--- WHAT YOU NEED TO DO ---
Return only the stretch of the material below that begins with the line containing "rode bloemen op" and ends with the line containing "Buy Diaz Women's", exactly; both of those lines belong to it.

--- WORKING DATA ---
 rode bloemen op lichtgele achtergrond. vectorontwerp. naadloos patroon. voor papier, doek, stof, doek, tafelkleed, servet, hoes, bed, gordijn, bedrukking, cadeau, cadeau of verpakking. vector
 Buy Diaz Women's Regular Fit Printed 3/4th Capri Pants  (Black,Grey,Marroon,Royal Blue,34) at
---
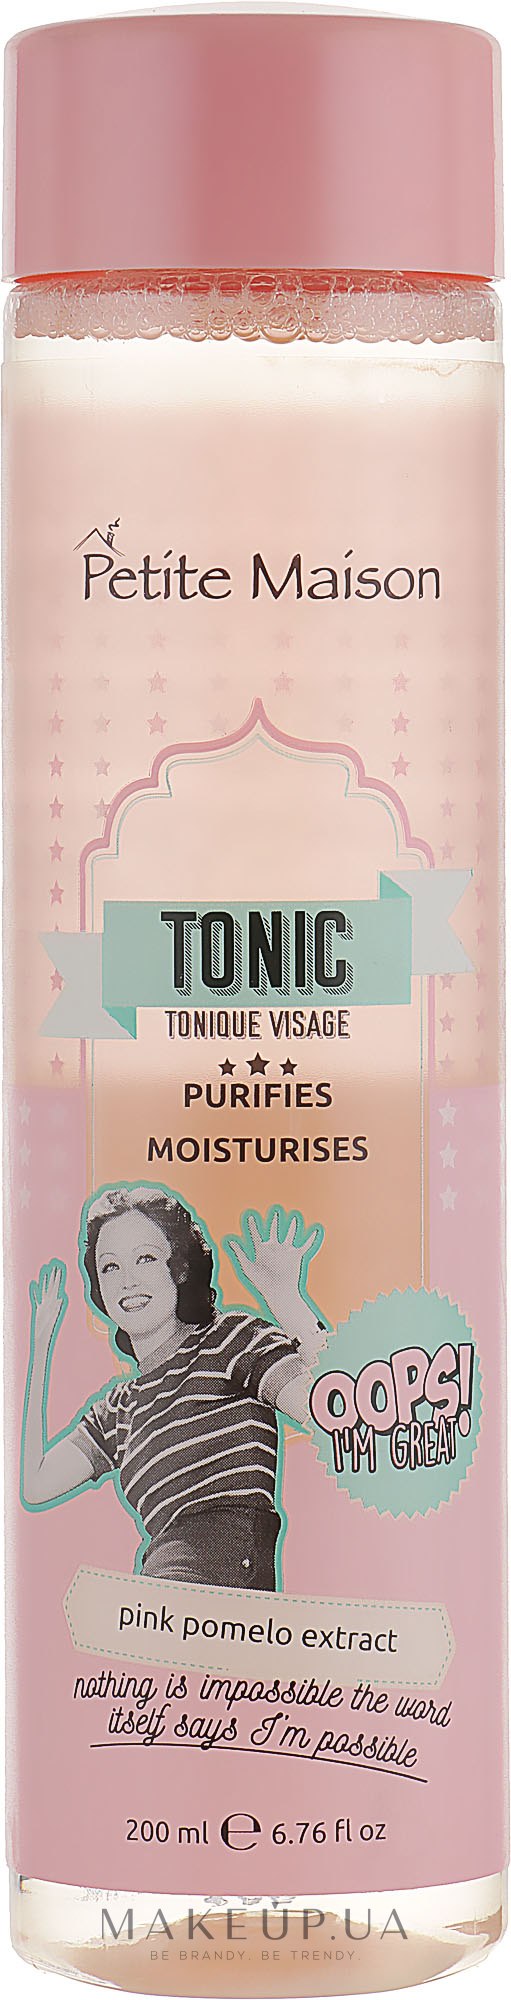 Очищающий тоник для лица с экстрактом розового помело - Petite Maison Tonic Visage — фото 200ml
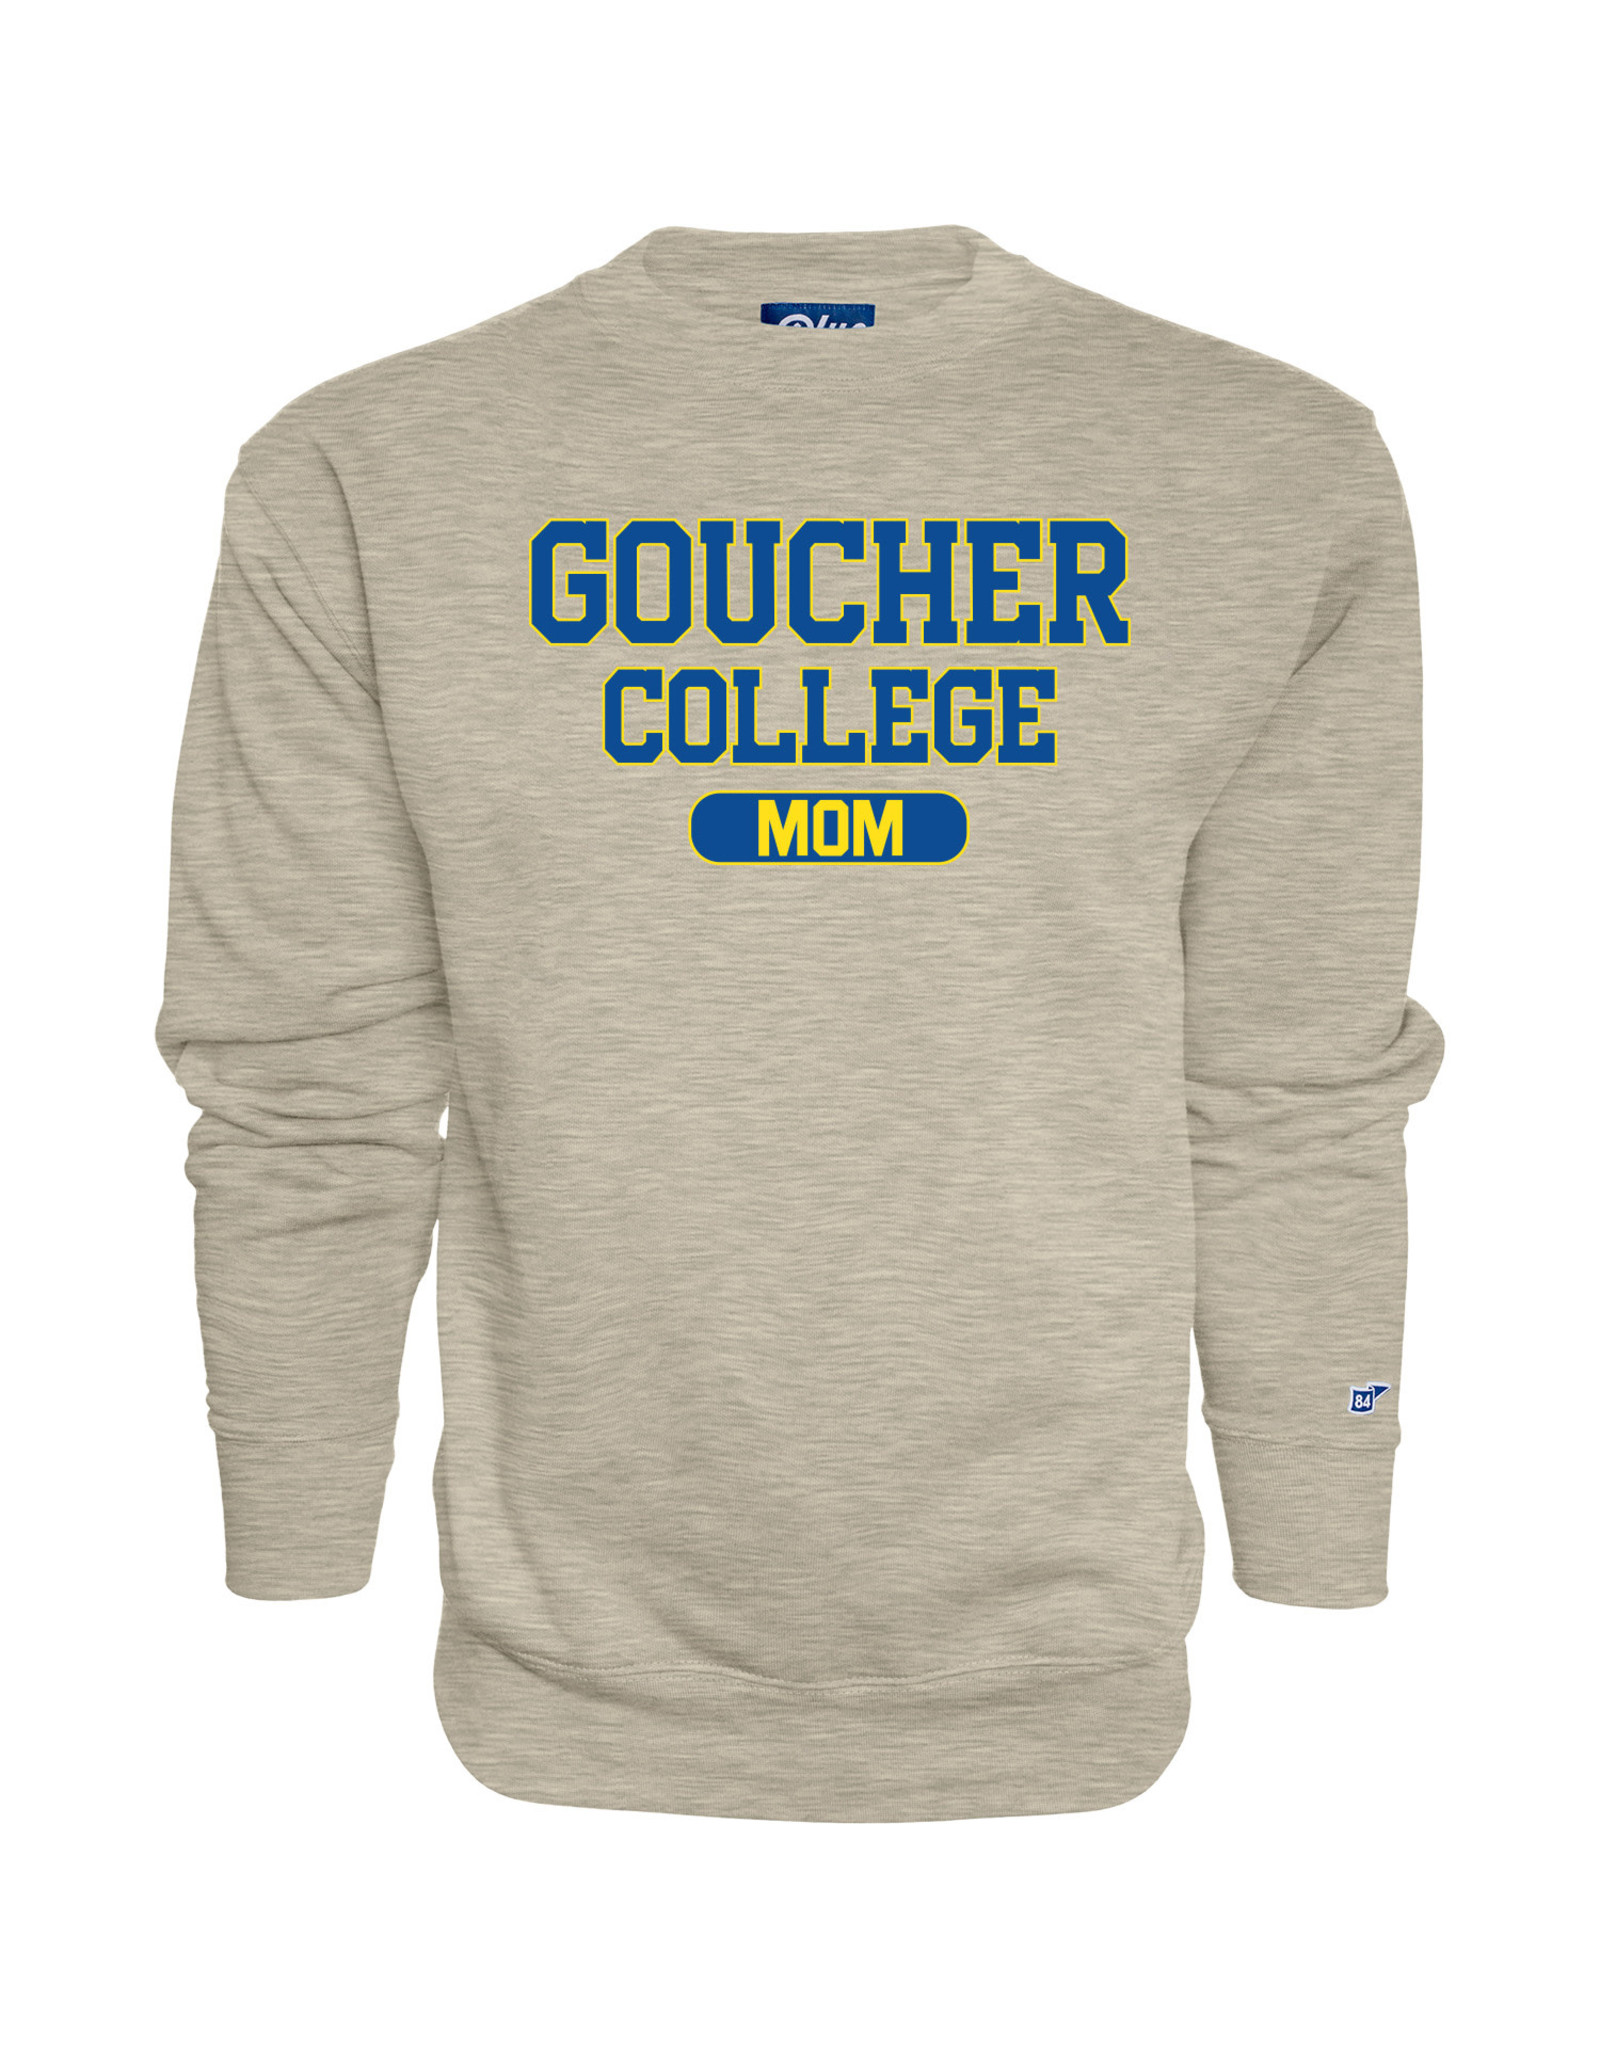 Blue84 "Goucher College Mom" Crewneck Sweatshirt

--- ANSWER TO THIS EXERCISE ---
 rode bloemen op lichtgele achtergrond. vectorontwerp. naadloos patroon. voor papier, doek, stof, doek, tafelkleed, servet, hoes, bed, gordijn, bedrukking, cadeau, cadeau of verpakking. vector
 Buy Diaz Women's Regular Fit Printed 3/4th Capri Pants  (Black,Grey,Marroon,Royal Blue,34) at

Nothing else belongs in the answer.